From the Guidelines
Polycythemia is a blood disorder characterized by an abnormally high concentration of red blood cells in the bloodstream, which can lead to serious complications like blood clots, strokes, or heart attacks if left untreated. This condition can be classified as either primary (polycythemia vera), which stems from genetic mutations causing overproduction of blood cells in the bone marrow, or secondary, which occurs as a response to low oxygen levels or certain medical conditions 1. Symptoms typically include headaches, dizziness, fatigue, itchy skin, and a reddish or purplish appearance to the skin.
Key Characteristics of Polycythemia
- Elevated haematocrit (HCT) levels, which can be managed through phlebotomy to control HCT and low-dose aspirin to delay the need for cytoreductive therapy 1
- Increased risk of thrombosis, which can be reduced through risk stratification and selection of patients with low risk of vascular events 1
- Potential for evolution to myelofibrosis (MF), myelodysplastic syndrome (MDS), and/or acute myeloid leukaemia (AML) 1
Treatment and Management
- Phlebotomy to reduce blood volume and maintain hematocrit <45% 1
- Medications like hydroxyurea to slow bone marrow production, or aspirin to prevent clotting 1
- Regular monitoring of blood counts to manage the condition effectively and prevent potentially life-threatening complications 1 It is essential to address the underlying cause in cases of secondary polycythemia. Treatment depends on the type and severity of the condition, and maintaining proper blood viscosity through regular monitoring and management is crucial to prevent serious complications.
From the Research
Definition of Polycythemia
- Polycythemia vera (PV) is a myeloproliferative neoplasm characterized by an increased red blood cell mass and increased risk of thrombosis 2.
- It is typically characterized by erythrocytosis and often leukocytosis and thrombocytosis 3.
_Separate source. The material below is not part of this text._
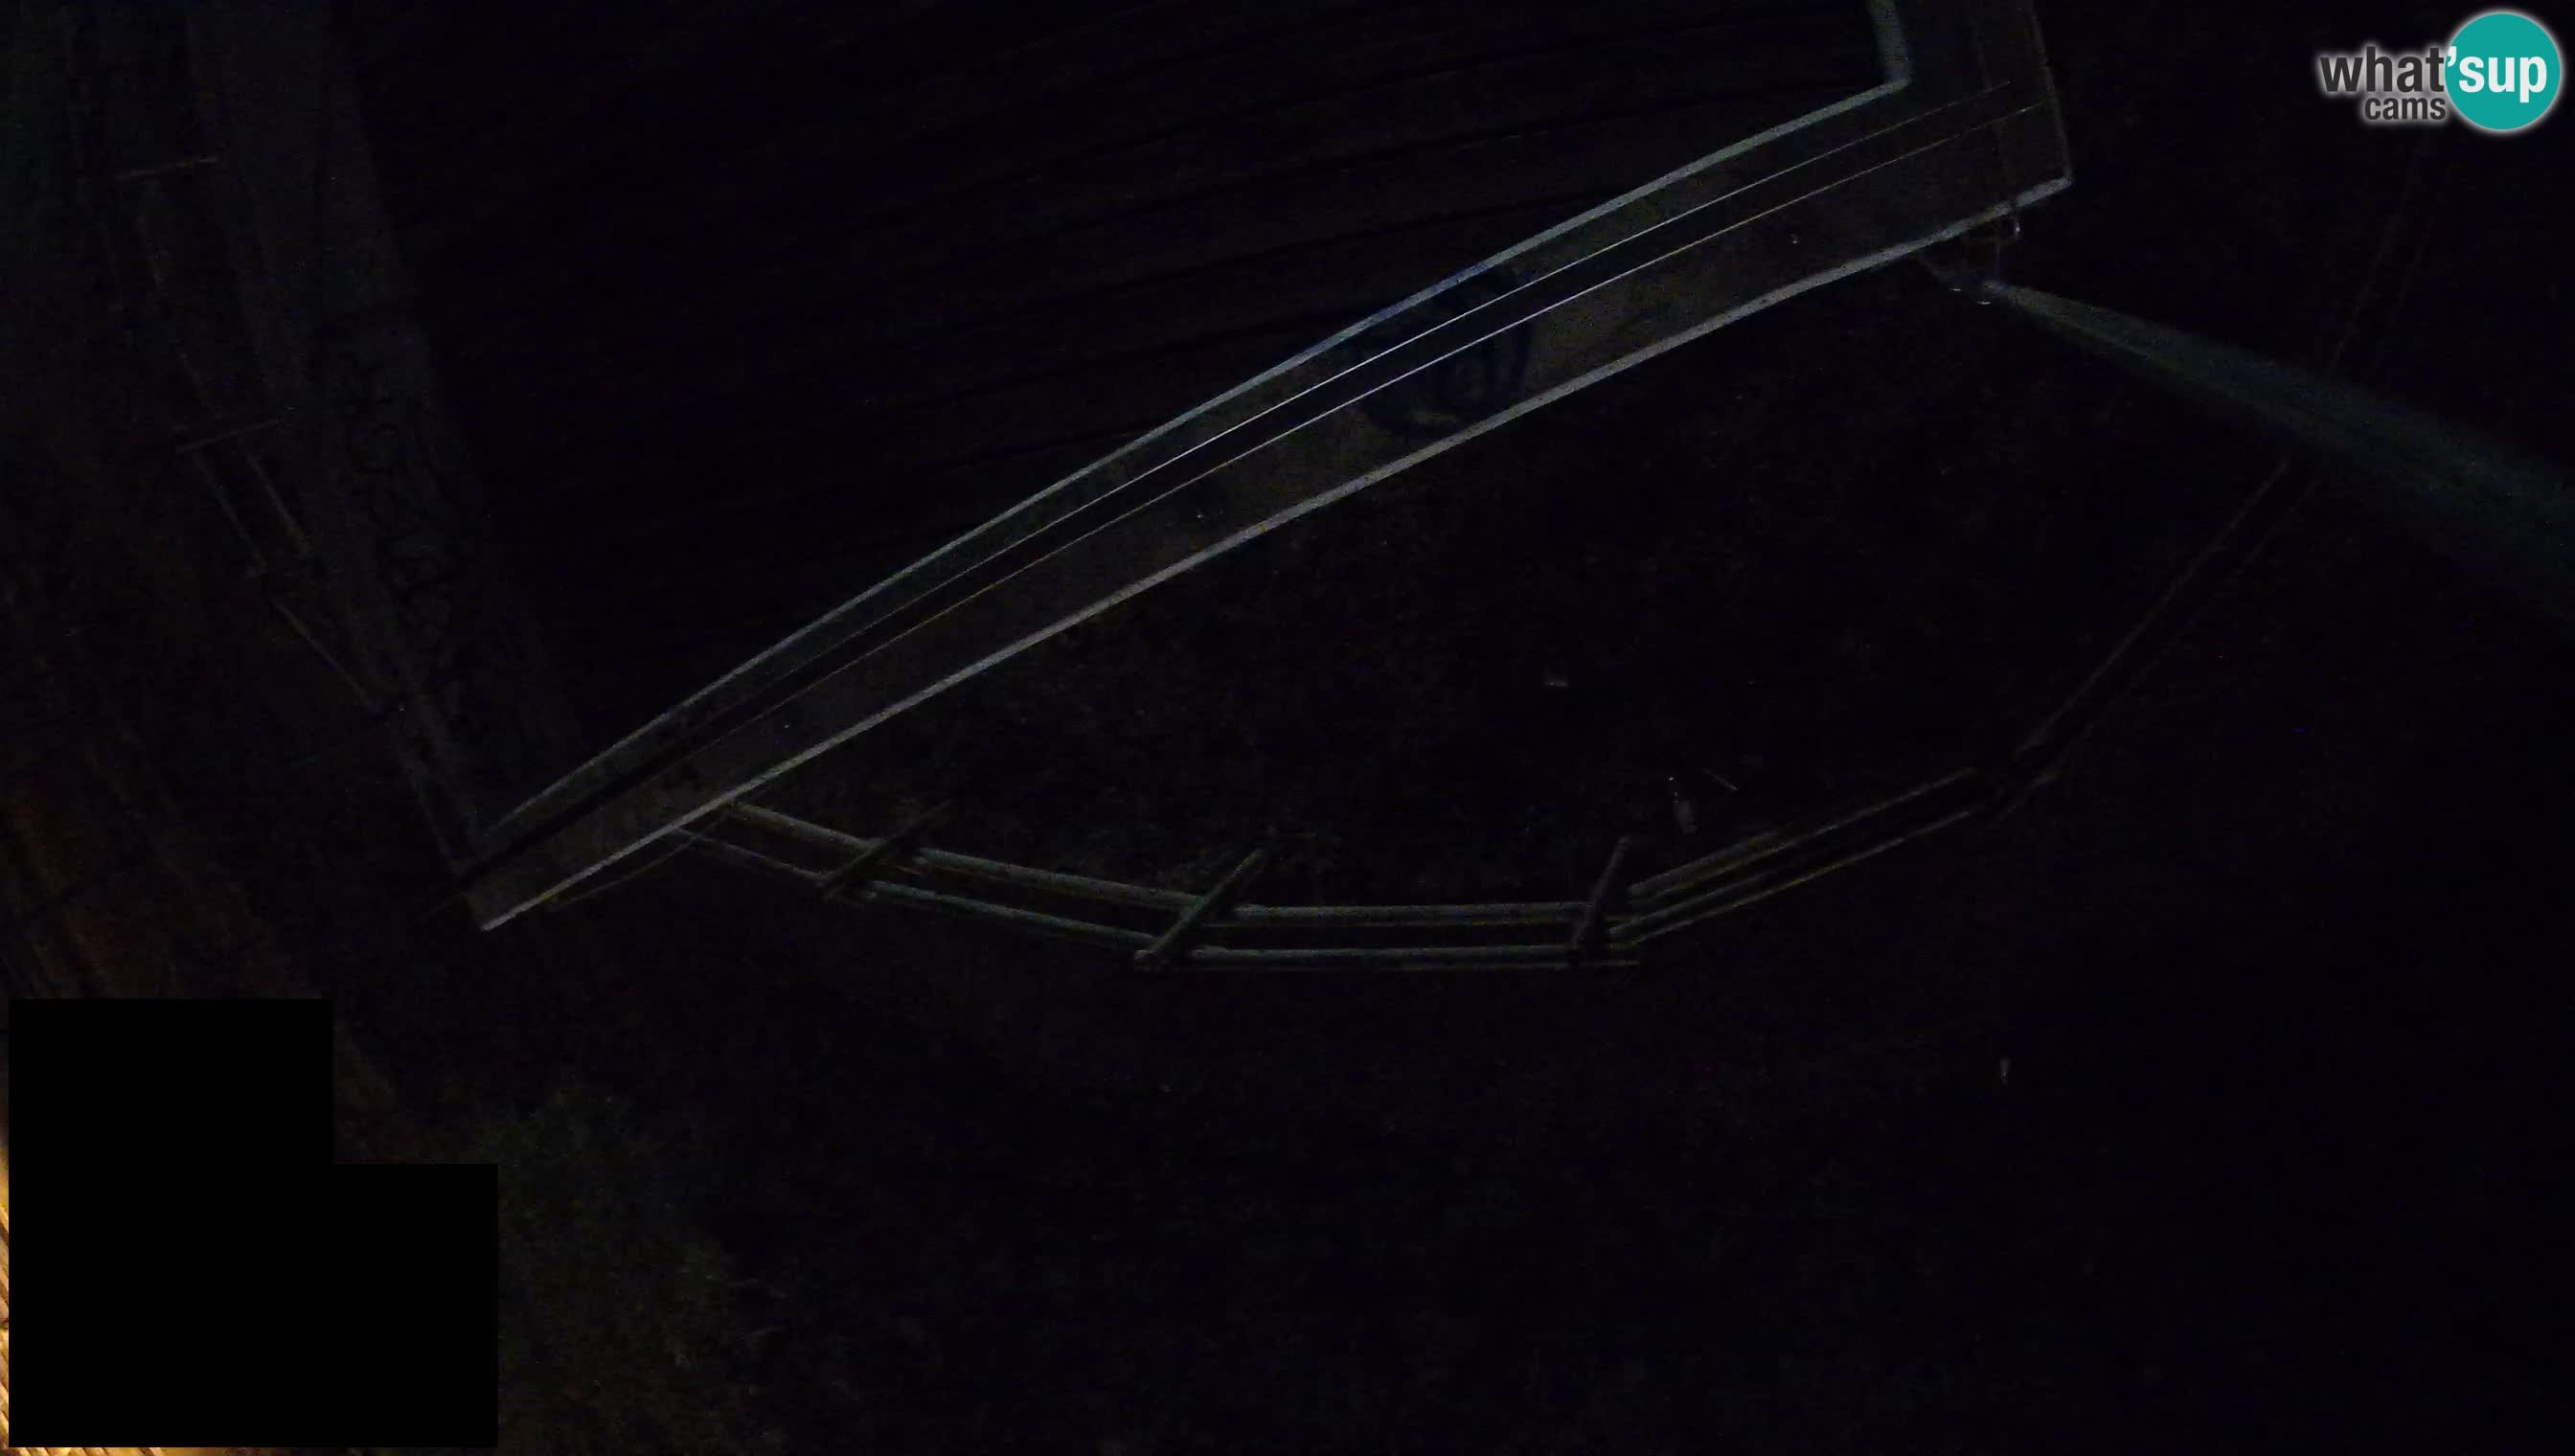 Cámara web en vivo del parque deportivo Šempeter pri Gorici – Eslovenia

- PV is a haematological malignancy in the myeloproliferative neoplasm family, with clinical features including reduced life expectancy due to hazards of thrombosis, haemorrhage, and transformation to myelofibrosis and less frequently to a form of acute myeloid leukaemia called blast phase 3.
Diagnostic Criteria
- Erythrocytosis (hemoglobin >16.5 mg/dL in men or >16.0 mg/dL in women) is a required diagnostic criterion for PV 2.
- The presence of JAK2 mutation is expected in PV, with more than 95% of patients having a JAK2 gene variant 2, 3.
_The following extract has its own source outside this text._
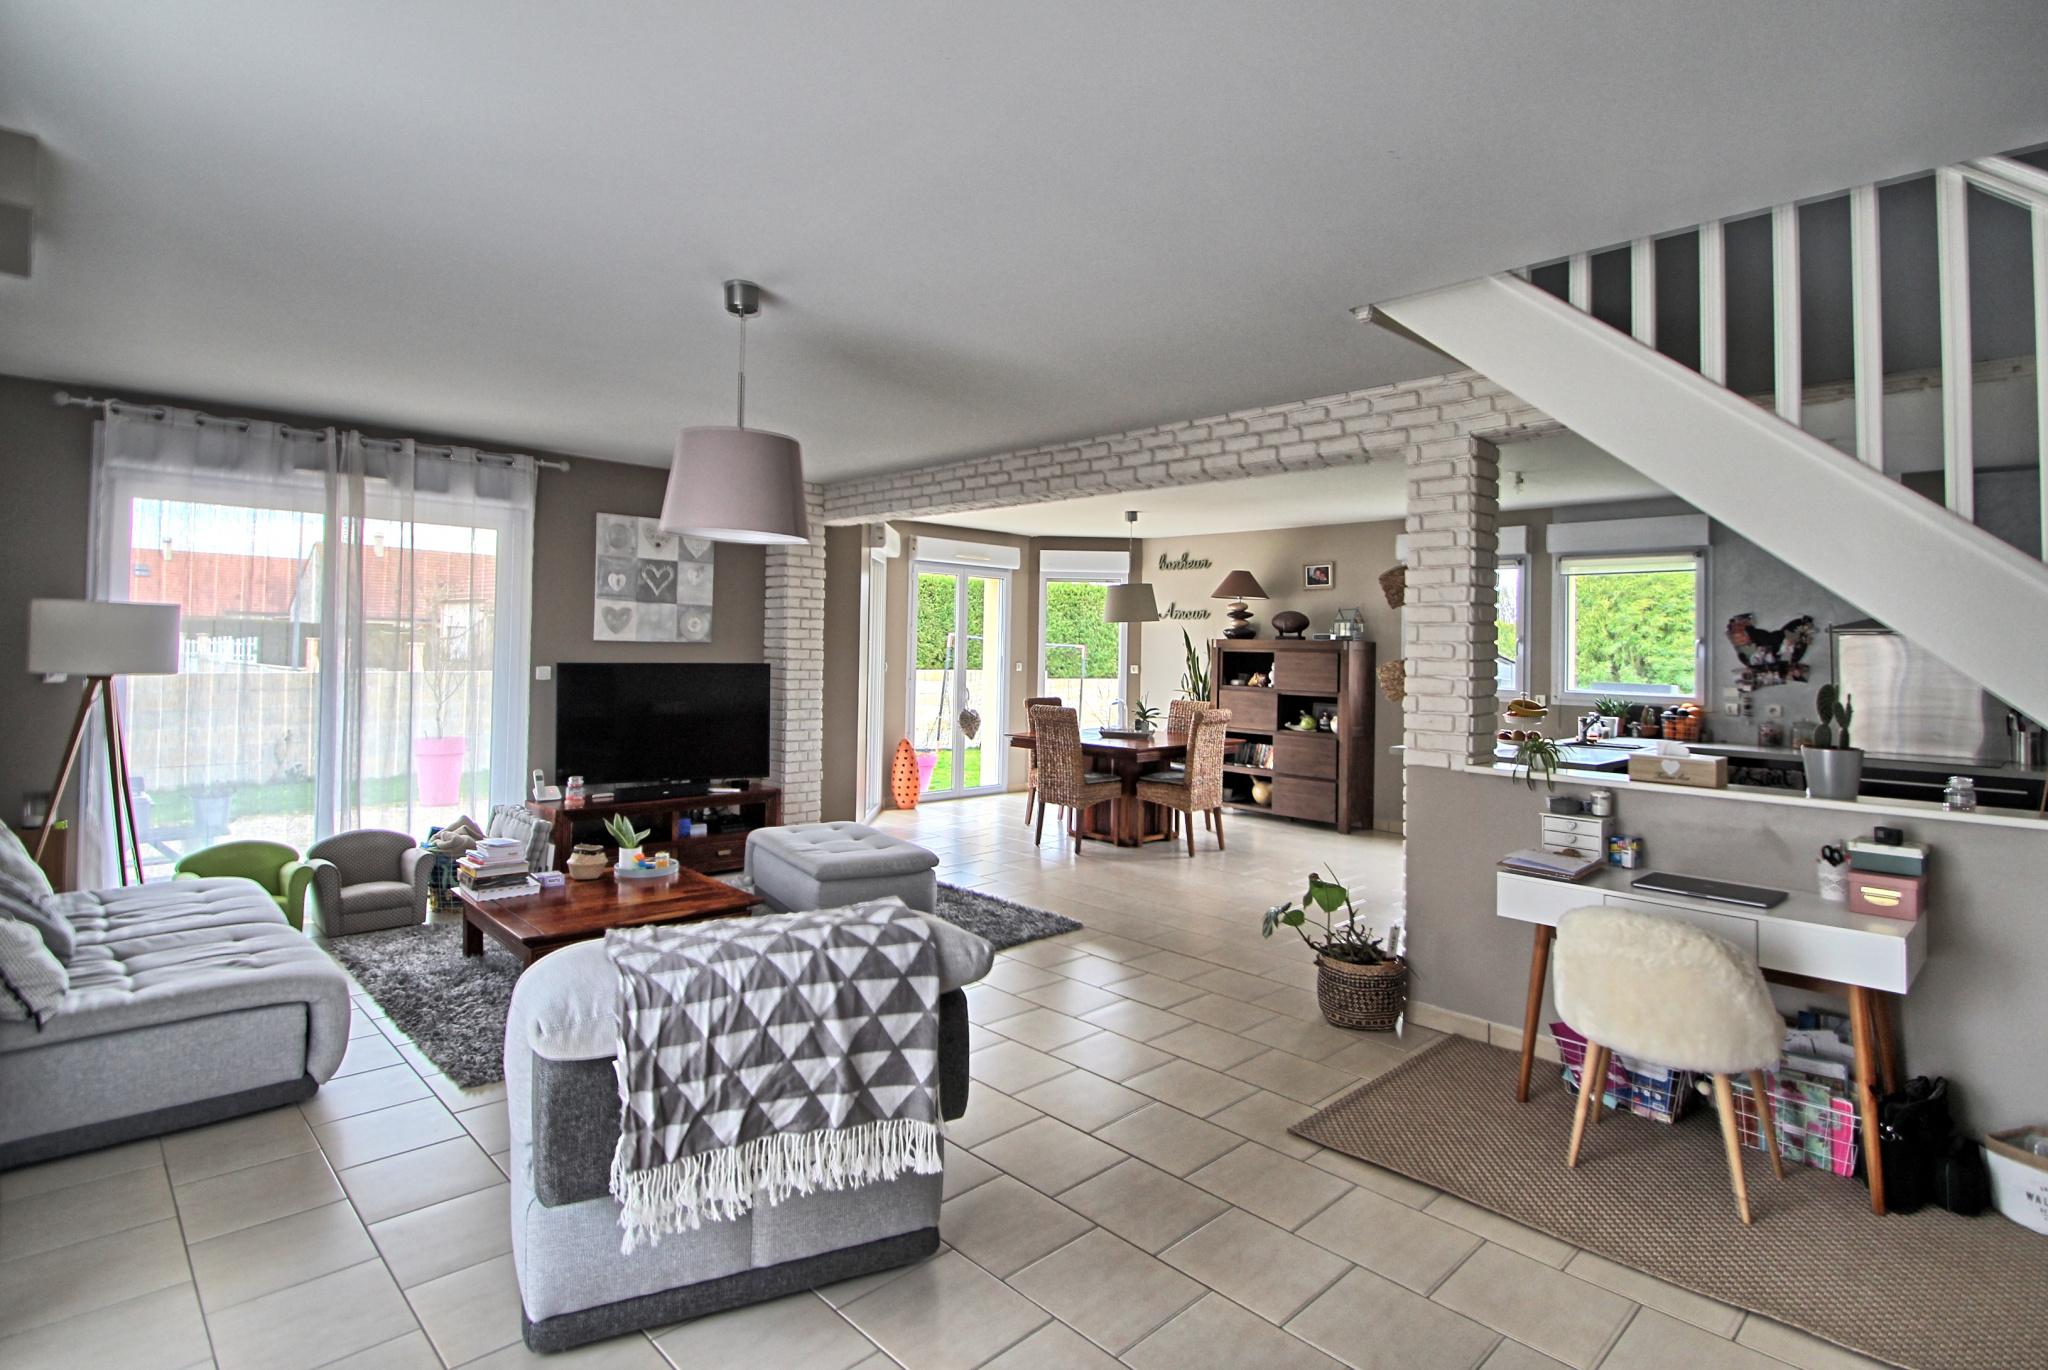 Vente maison/villa bessey les citeaux transco

- Bone marrow morphology remains the cornerstone of diagnosis, and the presence of driver mutations (JAK2, CALR or MPL) can help distinguish PV from other myeloproliferative neoplasms 4.
Clinical Features and Complications
- Patients with PV may have pruritus, erythromelalgia, transient visual changes, and splenomegaly with abdominal discomfort 2.
- PV is associated with an increased risk of arterial and venous thrombosis, hemorrhage, myelofibrosis, and acute myeloid leukemia 2, 3.
- The median survival from diagnosis is 14.1 to 27.6 years, and the risk of thrombosis is higher in patients with a history of thrombosis or aged 60 years or older 2, 4.